Input data:
======

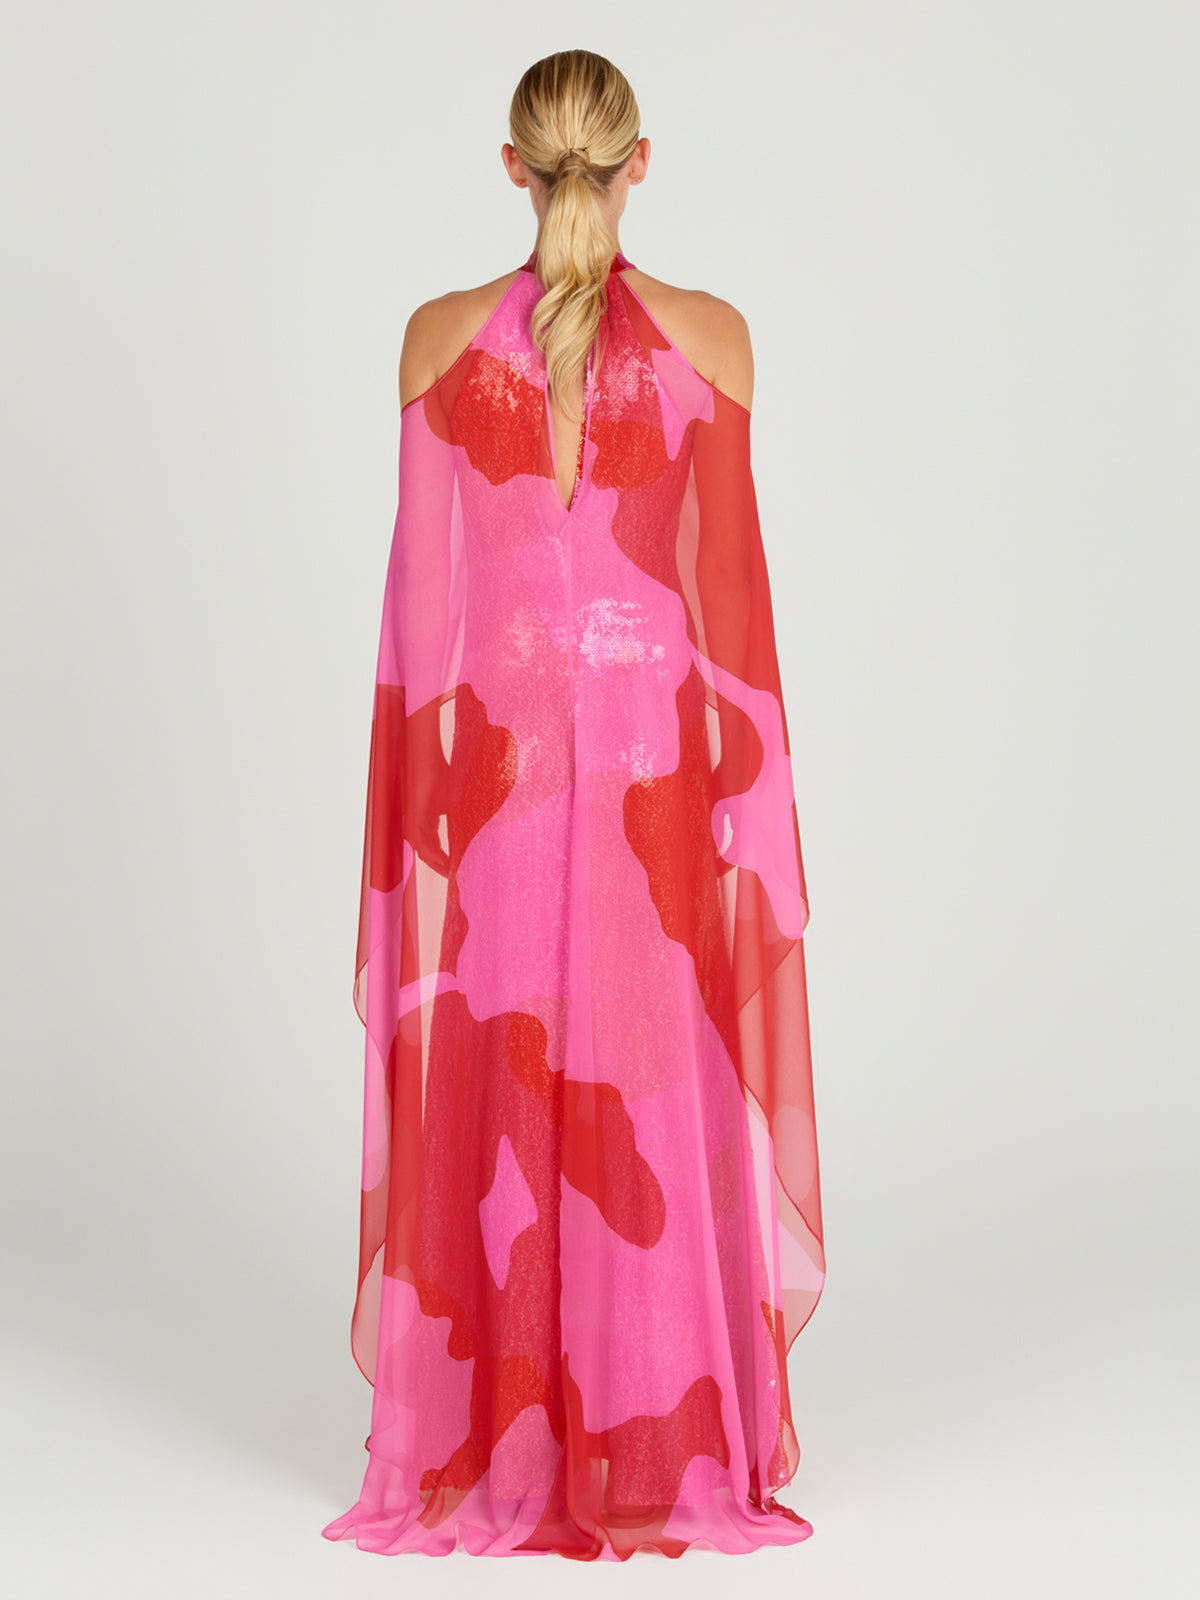 An elegant Lodi Dress Vermillion on a mannequin.
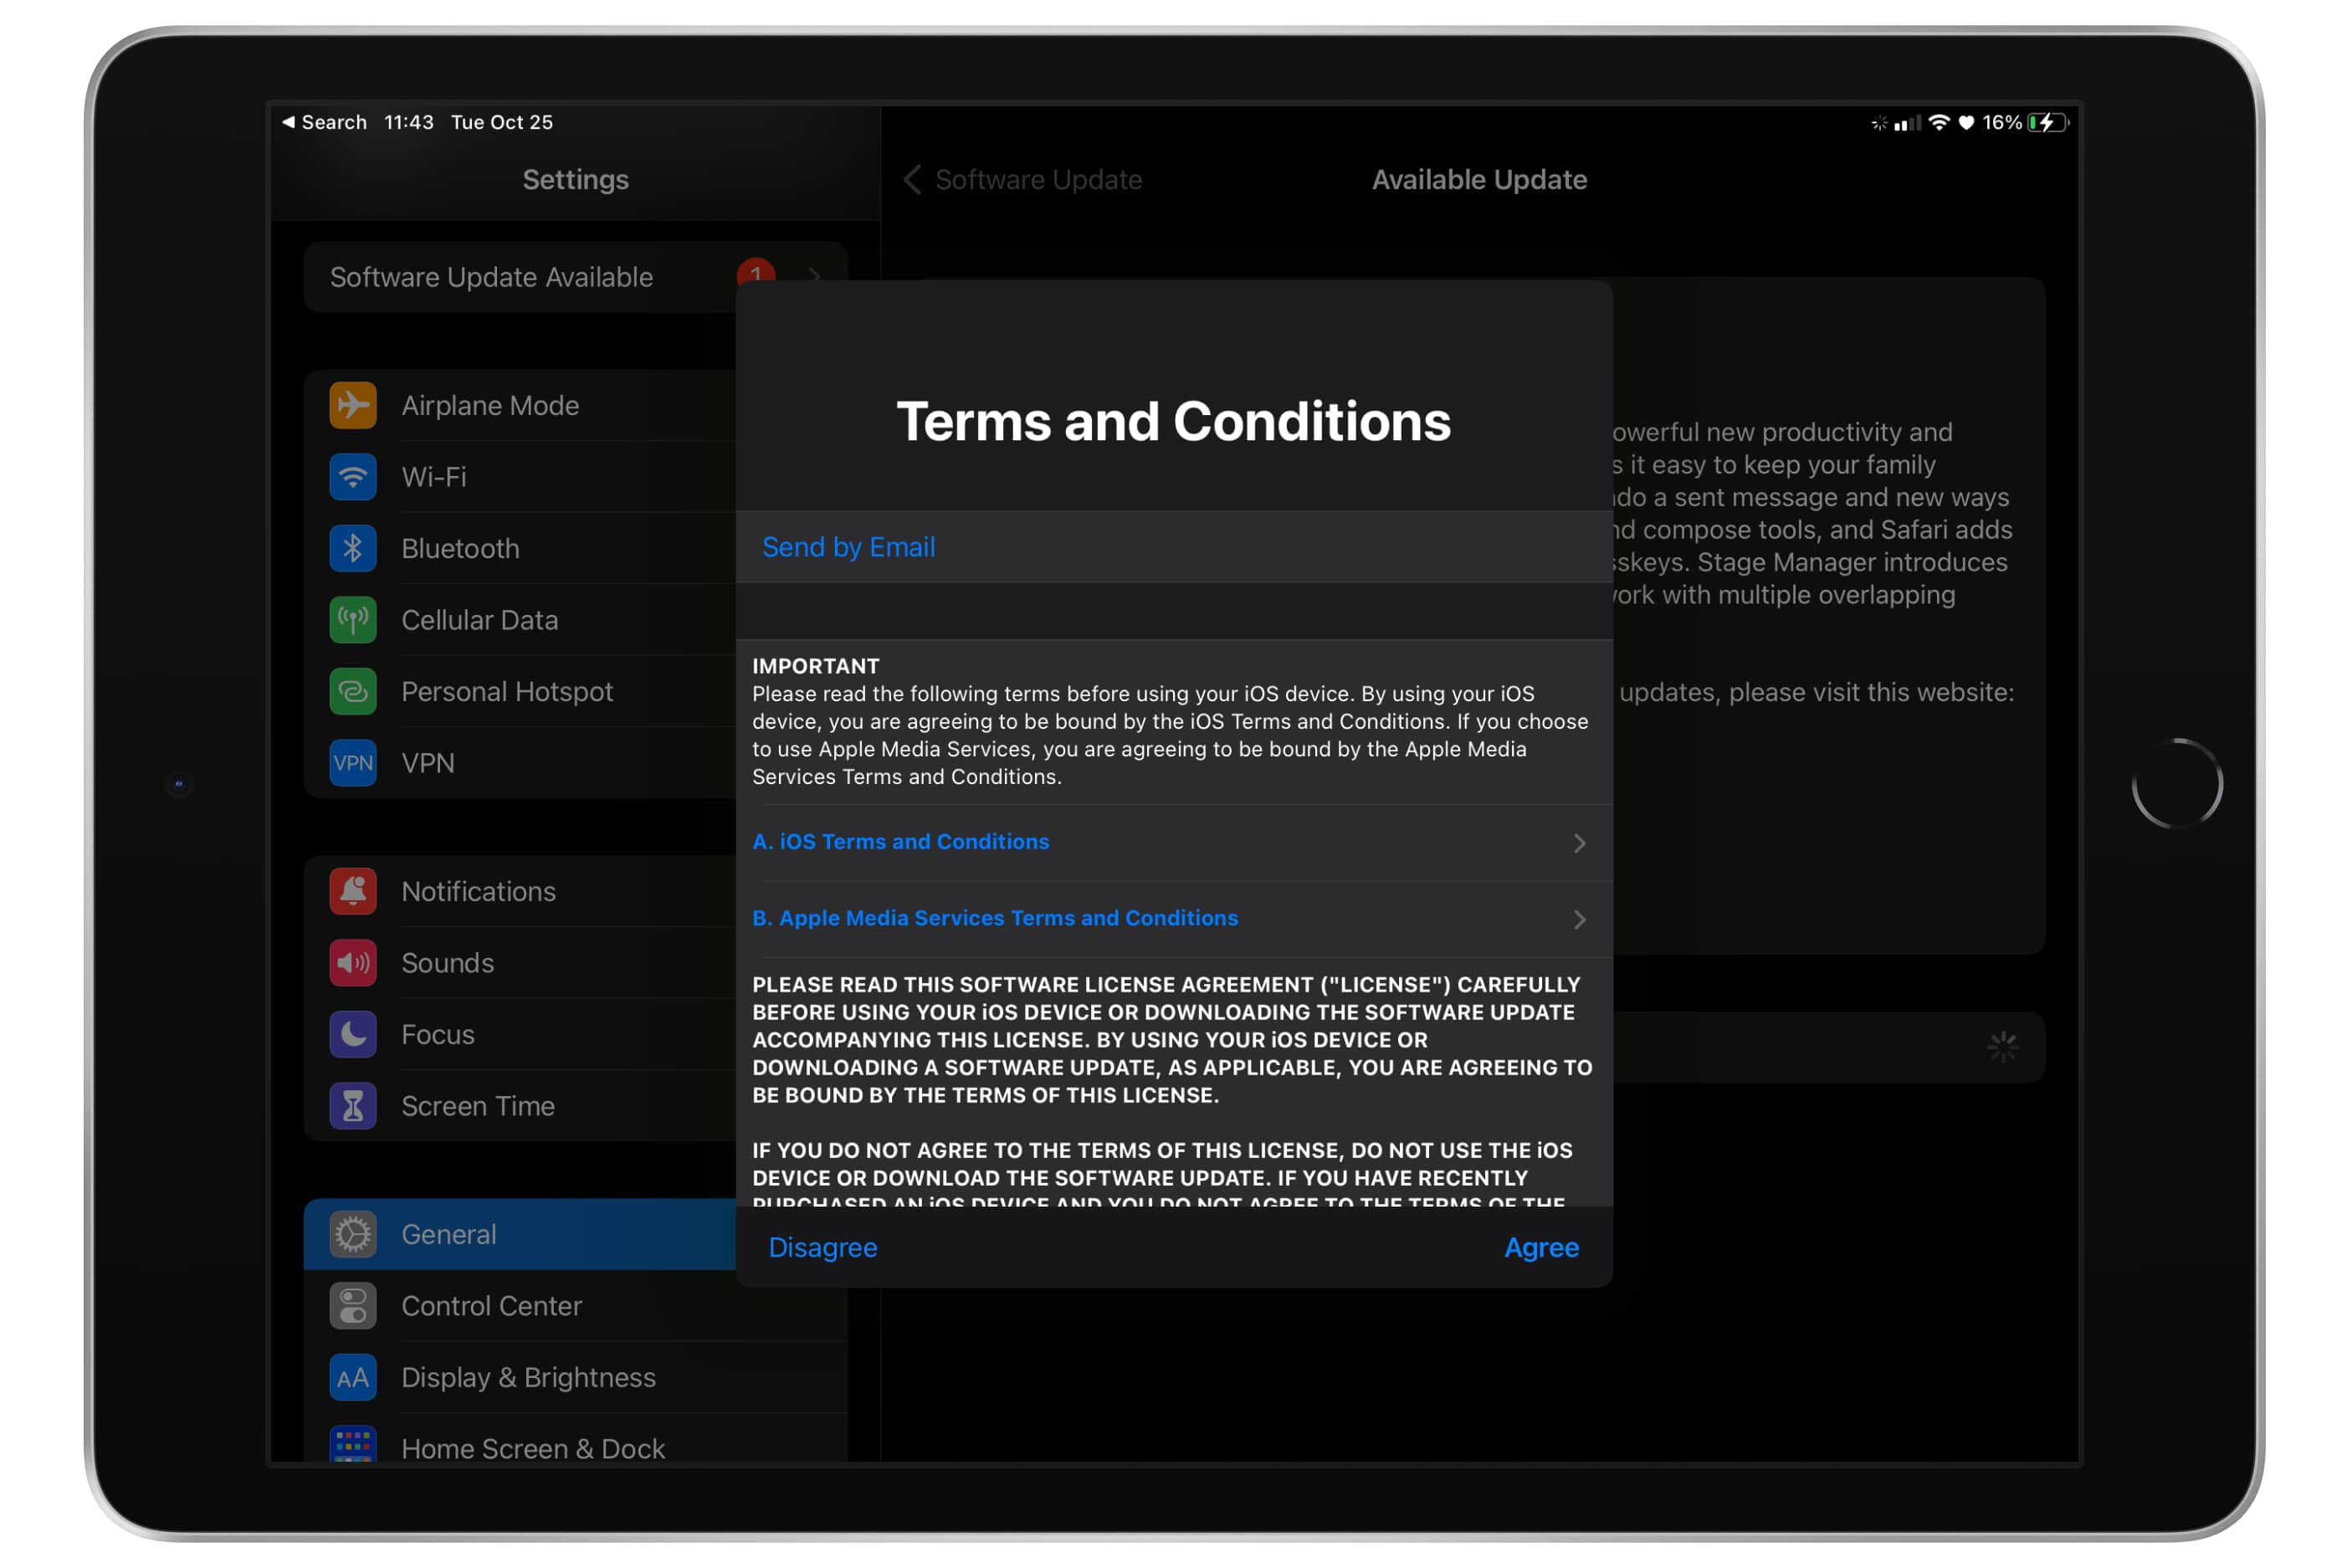 Tela de Termos e Condições de Atualização de Software do iPad.
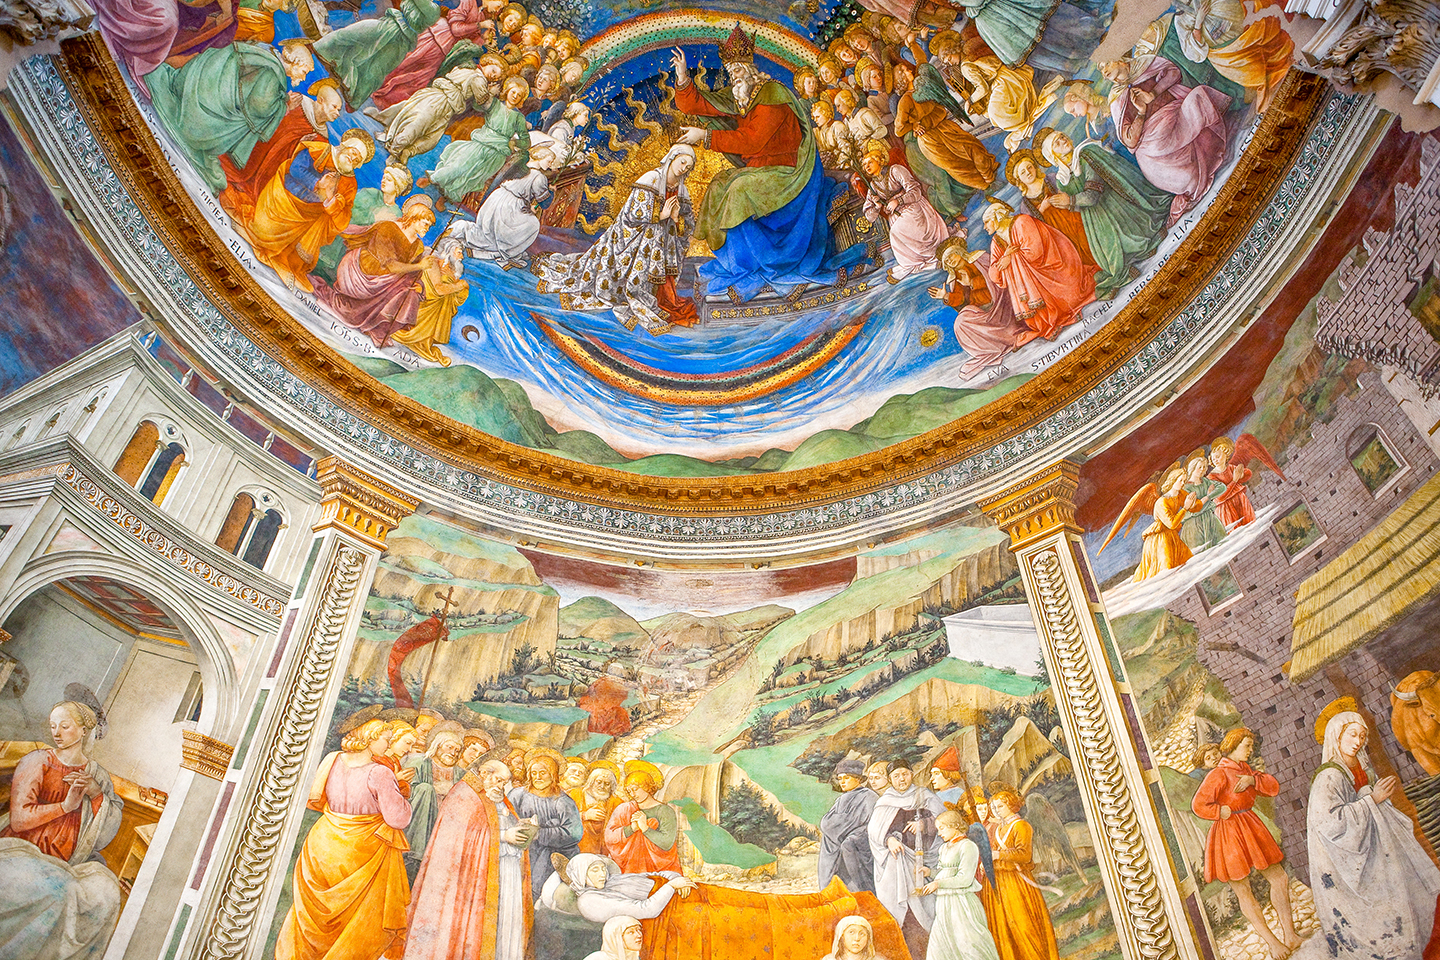 Bức bích họa của họa sỹ Filippo Lippi ở Nhà thờ chính tòa Spoleto của Umbria, gồm một bức chân dung tự họa nhỏ ở bên phải của phần bích họa “Death of the Virgin” (Đức Mẹ Đồng Trinh tạ thế) chính giữa bên dưới, năm 1467–1469. (Ảnh: Gimas, Shutterstock)
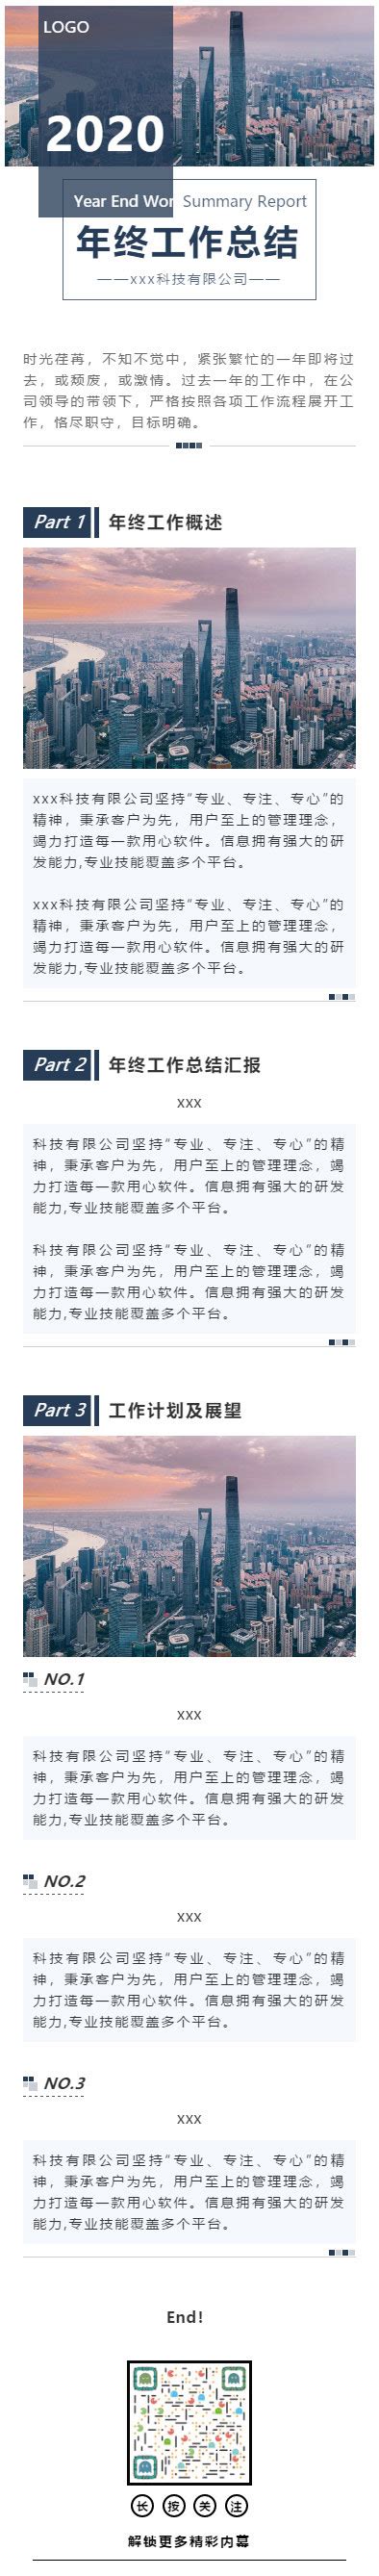 猪年祝福春节除夕新春中国年推文模板图文素材 | 微信公众号文章模板大全

======

Retype each line above exactly and leave out any picture.

Result below:
 An elegant Lodi Dress Vermillion on a mannequin.
 Tela de Termos e Condições de Atualização de Software do iPad.
 Bức bích họa của họa sỹ Filippo Lippi ở Nhà thờ chính tòa Spoleto của Umbria, gồm một bức chân dung tự họa nhỏ ở bên phải của phần bích họa “Death of the Virgin” (Đức Mẹ Đồng Trinh tạ thế) chính giữa bên dưới, năm 1467–1469. (Ảnh: Gimas, Shutterstock)
 猪年祝福春节除夕新春中国年推文模板图文素材 | 微信公众号文章模板大全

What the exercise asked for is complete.